The United Nations designated October 17th as the International Day for the Eradication of Poverty. This date is an opportunity for people of various backgrounds, beliefs, and financial means to acknowledge the challenges for people living in poverty and to act on their commitment to eradicating its painful realities.
In recent years, it’s become apparent that investors are increasingly keen to effect meaningful change and advance such causes by aligning their portfolio with their values. As an advisor, you should be well positioned to help your clients gain a greater understanding of the issues they care about most—it may help to deepen your existing relationships and attract new business.

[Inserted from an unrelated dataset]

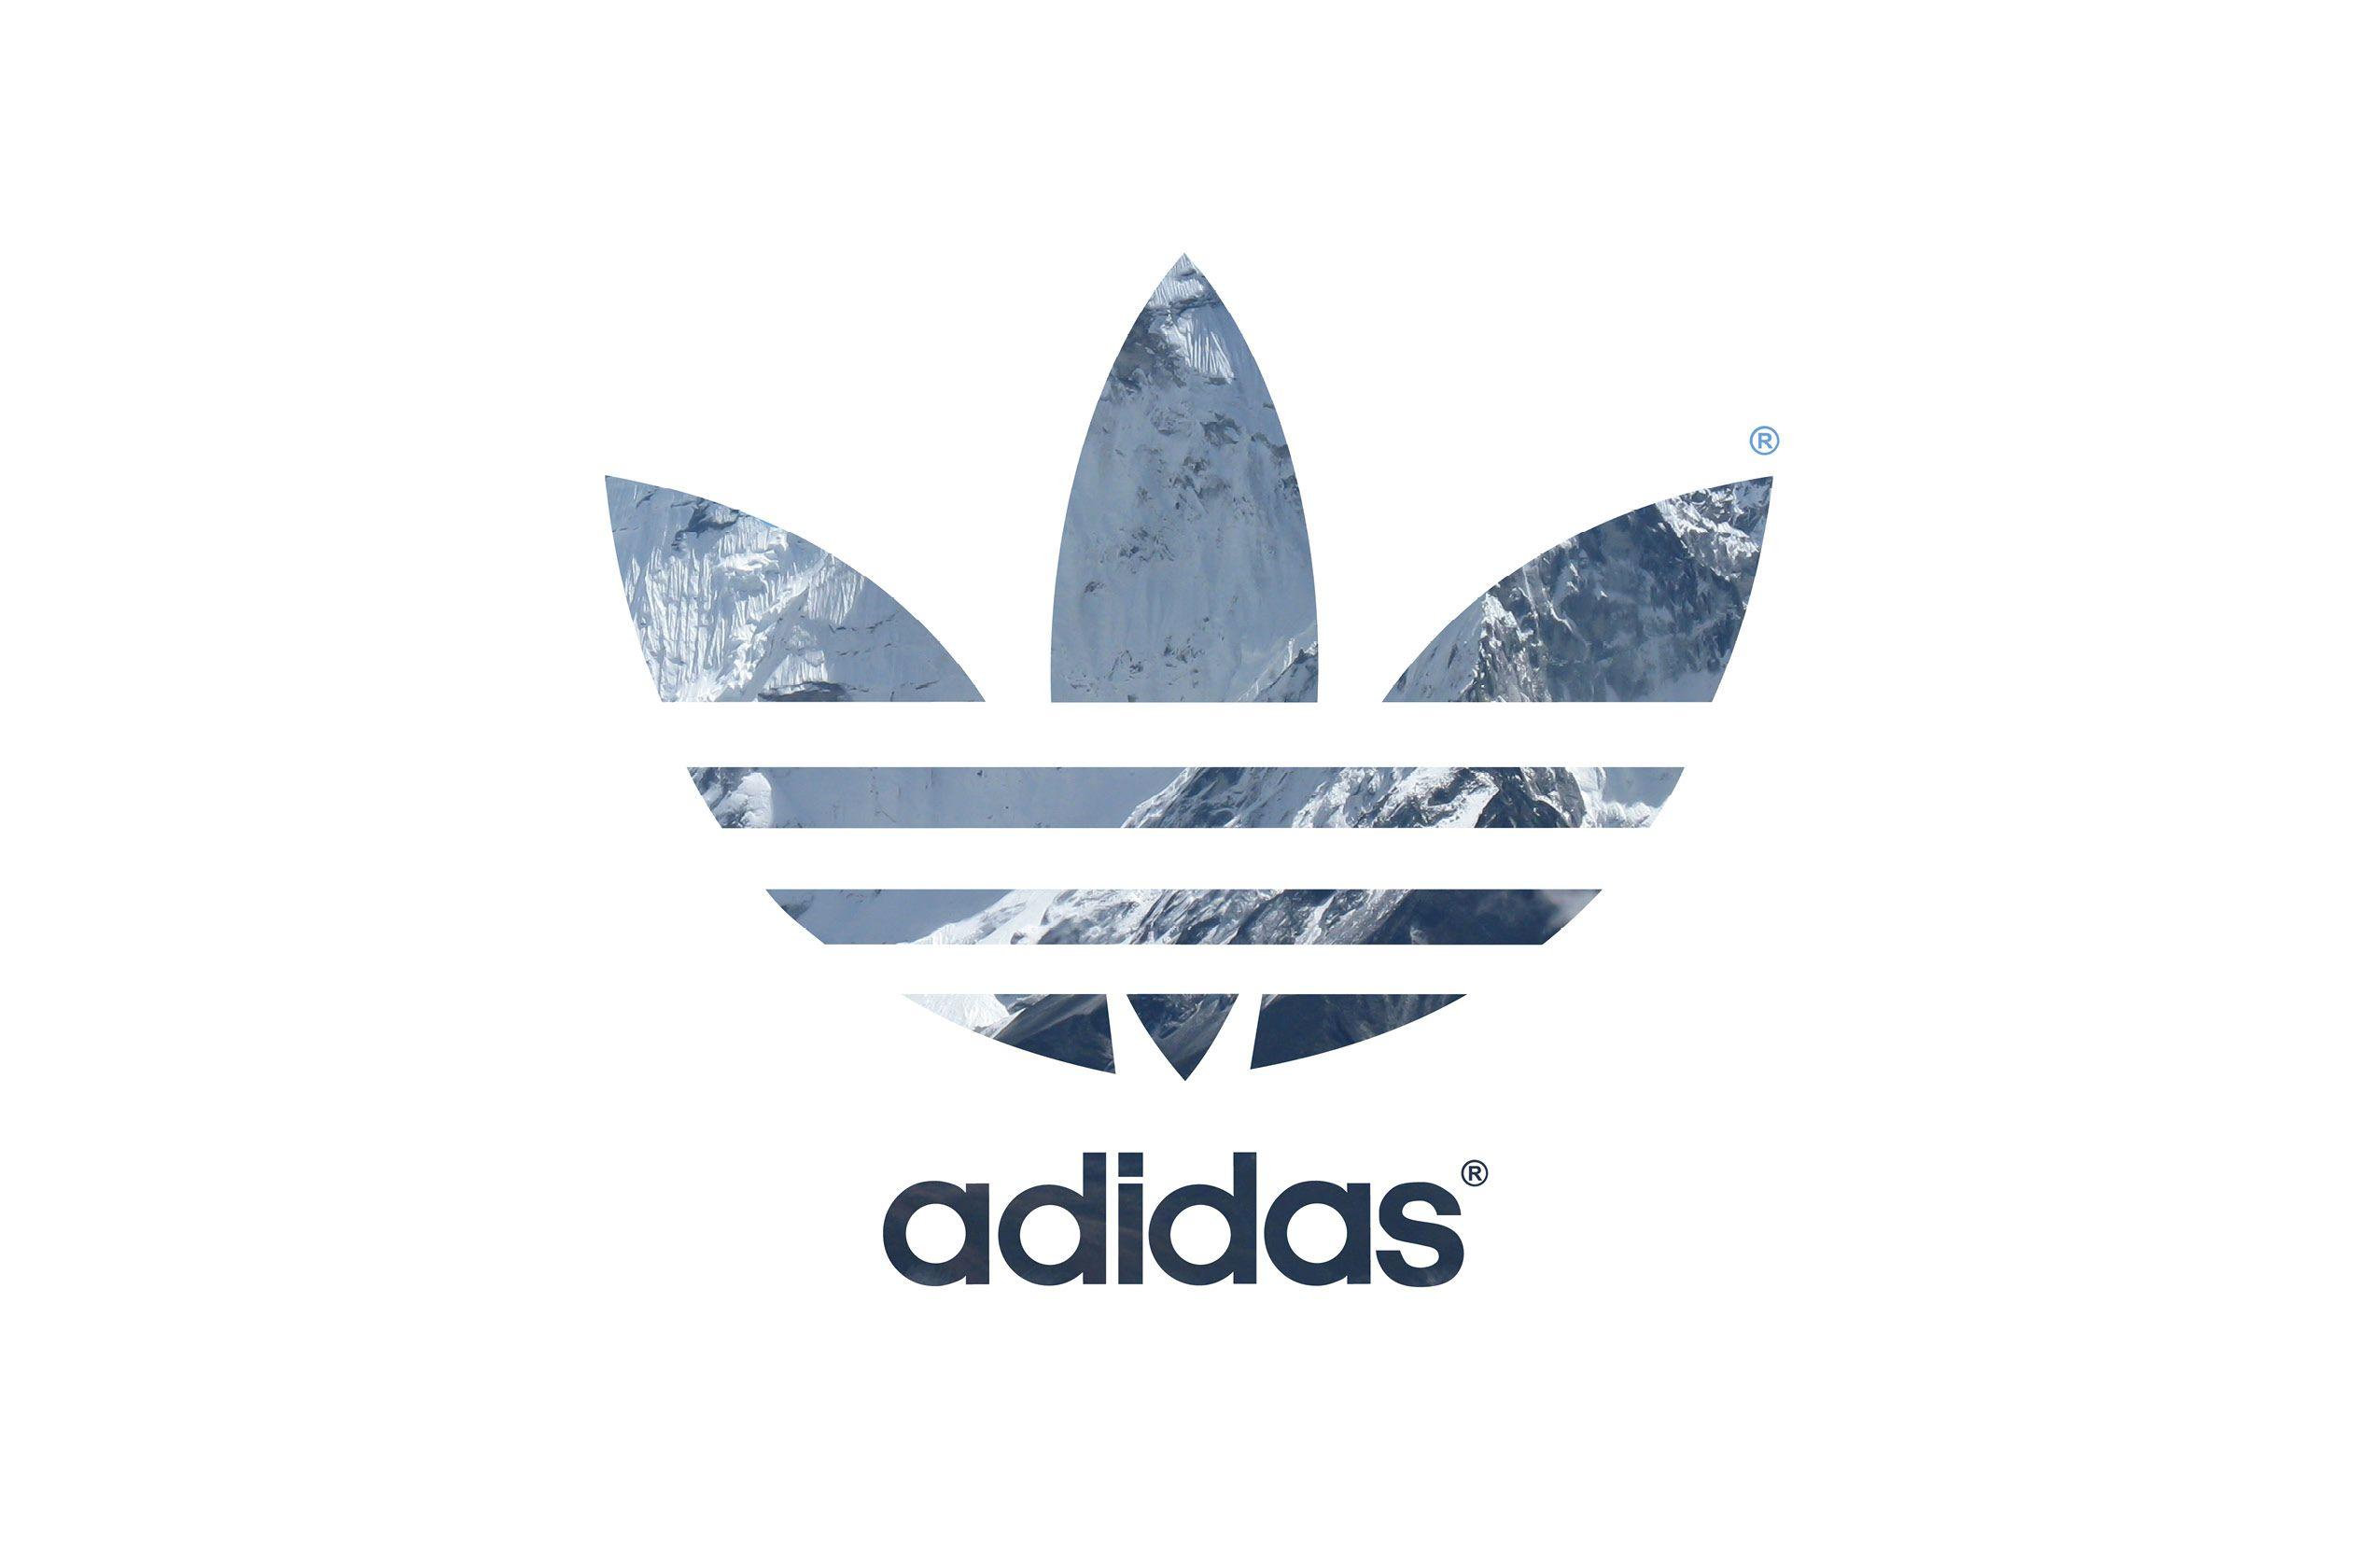 Adidas Logo Wallpaper. Adidas iphone wallpaper, Adidas

In honor of this year’s observance, we’re encouraging investors to consider poverty holistically, as more than strictly an economic issue. Poverty is in part so devastating due to the various social factors that reinforce economic hardship, such as access to safe and healthy living conditions. Some investors may seek to reduce portfolio exposure to companies that perpetuate poverty and, as their advisor, you may be expected to provide guidance as to how best this can be accomplished. In this instance, consider discussing with them the following three corporate practices:
Companies perpetuate poverty by exploiting addiction, lack of information, or limited access to alternative products. Companies whose businesses rely on products and services such as tobacco, predatory lending, and gambling fall into this category.
Companies that inadequately manage their toxic waste and air pollution pose negative health and environmental risks in their neighborhoods. Hazardous waste disproportionately affects lower-income communities, creating dire health—and financial—consequences.
Companies with poor diversity practices reinforce existing inequalities. Workplace discrimination worsens pay disparities among diverse employees.
These categories are just a few of the many ways in which poverty is reinforced by companies’ social, environmental, and governance practices. Making the connection between corporate behavior and destitution, and redirecting capital away from corporate behaviors that perpetuate inequality are tangible ways investors can use assets to end poverty in all its forms.